The video below provides context about these points.

We start with the video and then read a bit from a scientific article about types of explanatory dataviz. (*The video is from an old version of the class that used D3, so just ignore those parts.*).

[![IMAGE ALT TEXT HERE](https://img.youtube.com/vi/yHKYMGwefso/0.jpg)](https://www.youtube.com/watch?v=yHKYMGwefso)

> *Exercises*: Explanatory data visualization

> * What are the three key elements to keep in mind when you design an explanatory visualization?
><font face="Comic sans MS" size="3" color="blue"> (1) Start with the question, what is that we cant to communicate. (2) allow exploration. (by making the visualization interective we can make our audians more engaged) (3) you should know your readers. (technical people or non technical managers) different prople have different level of understandings.   

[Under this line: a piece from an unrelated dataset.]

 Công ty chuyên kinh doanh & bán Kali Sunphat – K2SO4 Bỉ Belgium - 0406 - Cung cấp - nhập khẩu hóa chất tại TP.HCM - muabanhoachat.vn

> * In the video I talk about (1) *overview first*,  (2) *zoom and filter*,  (3) *details on demand*. 
>   - Go online and find a visualization that follows these principles (don't use one from the video). 
>   - Explain how your video achieves (1)-(3). It might be useful to use screenshots to illustrate your explanation.
> * Explain in your own words: How is explanatory data analysis different from exploratory data analysis?

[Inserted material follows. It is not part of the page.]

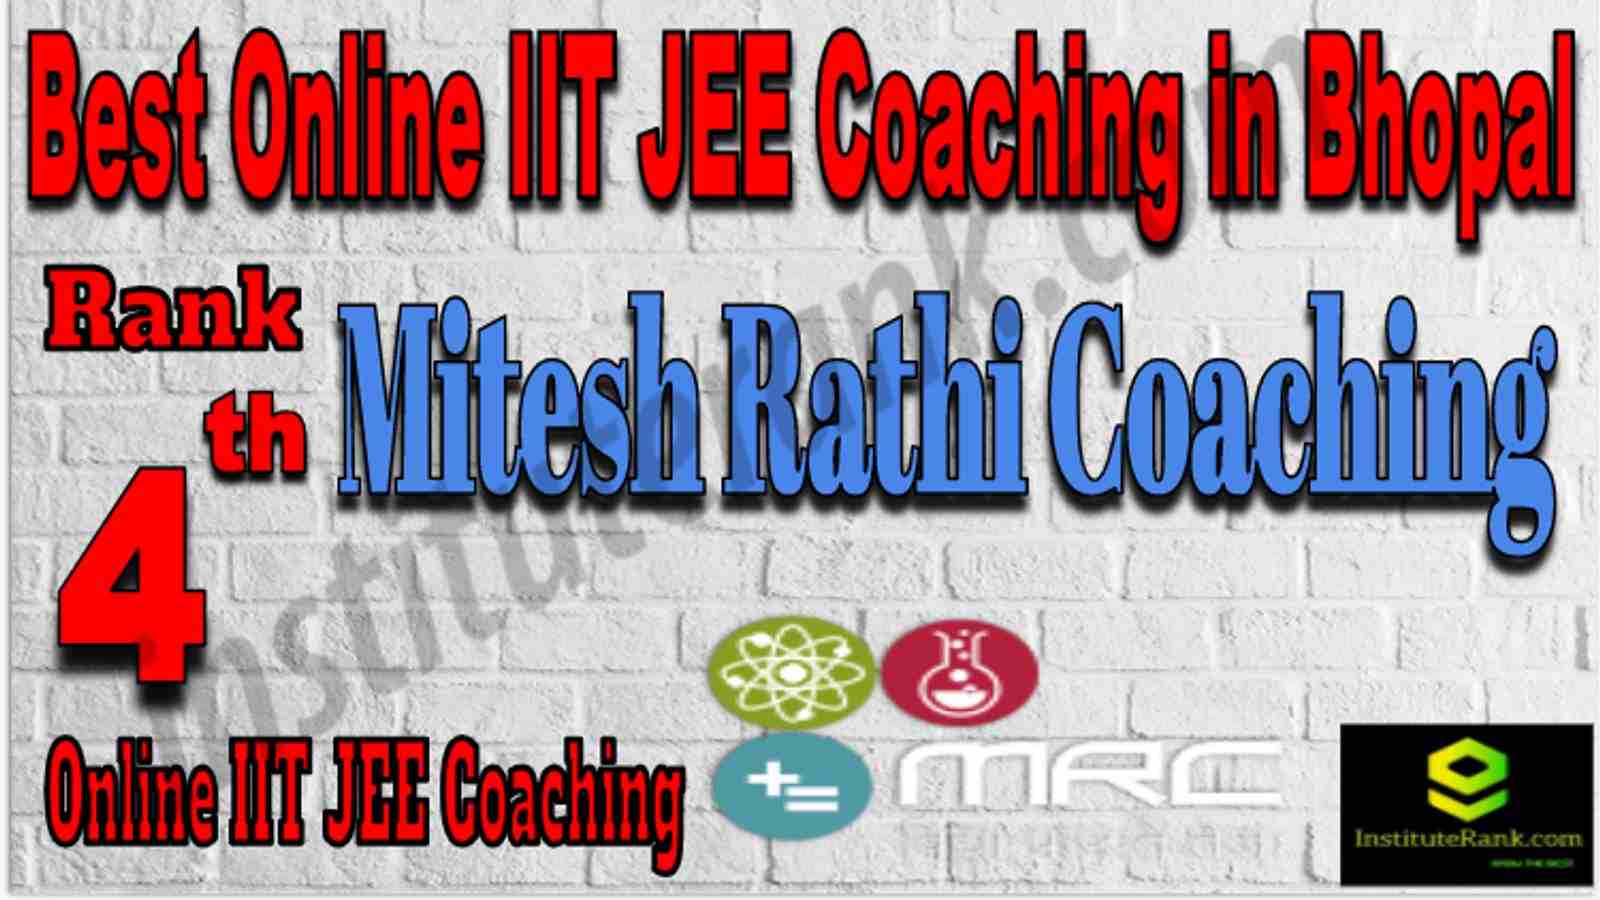 Rank 4 Best Online IIT JEE Coaching in Bhopal

## Part 2: Interactive visualizations with Bokeh



To really master interactive visualizations, you will need to work with JavaScript, especially [D3](https://d3js.org). Given the limited time available for this class, we can't squeeze that in. But luckily Python has some pretty good options for interactive visualizations. You can find a range of different options [here](https://mode.com/blog/python-interactive-plot-libraries/).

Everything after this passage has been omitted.